Imagination. It's so elusive to define. It's almost impossible to describe. Yet we all know what it is. Doing it is simpler than making a sandwich. But I can't explain to you how  we imagine. It's one of those ubiquitous powers we human beings have which we can only define tautologically  ie in terms of itself - for example, like this: the way you and I imagine is by imagining  (say whut?). The critical thing about imagination (and about a powerful  imagination in particular) is it shouldn't supersede what could be true. There should be no blurred edges between them (look: to be authentic is to know the difference). We all know it's disparaging to say to someone "You're just imagining  it.". That implies they're making up something which isn't true ("imagining" often carries the disparaging connotation of "not matching reality").

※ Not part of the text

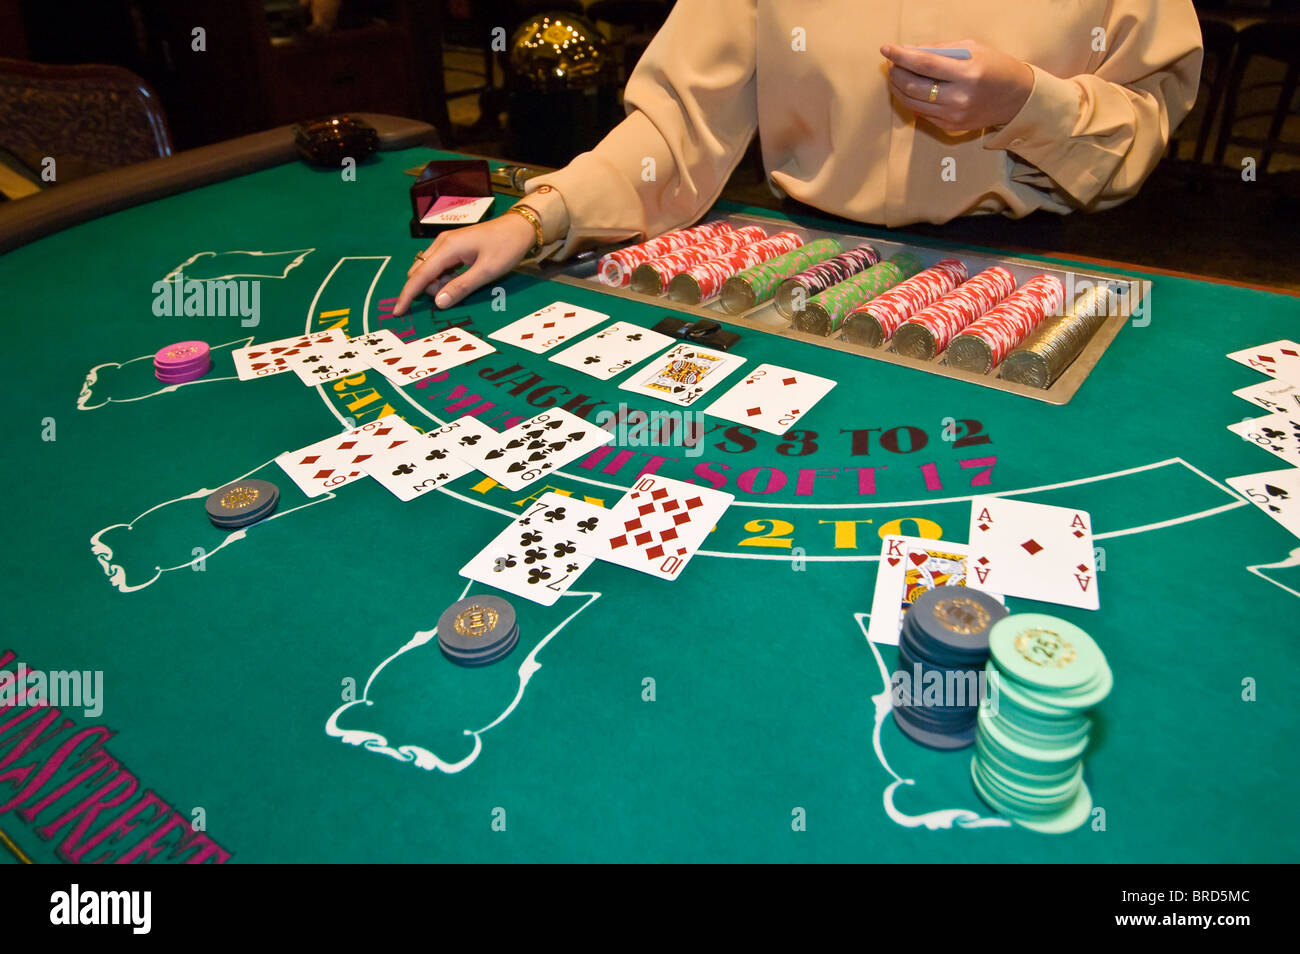 lowest las vegas casino table games

That's not what he unerringly drew my attention to. What he got me to see, was the power of my applied imagination. If I was only being enamored with that mystical connection with our friend, I wasn't being responsible for creating it in the first place. So I began considering that this mystical connection is actually something I have the power to call up for myself at will, using my imagination. Owning that, rehabilitates my power to create by leveraging imagination to its max, lifting it out of the realm of an ability with dubious truth, and into the realm of total (and reality-grounded) pure creativity. Wow! Imagination as ... pure  ... creativity!  I liked that. A lot.

What he distinguished stunned me, pointing at it (as he did) with so few words. This  is what imagination is. This  is what it is to create something (or even someone). This  is not the imagination of wishful fabrication ie it's not the imagination which can blur the line between fact and fantasy. This  is the imagination that powerfully sourced that mystical connection in the first place, the imagination for which I have become (and am henceforth being) responsible. It's my inherent power to create.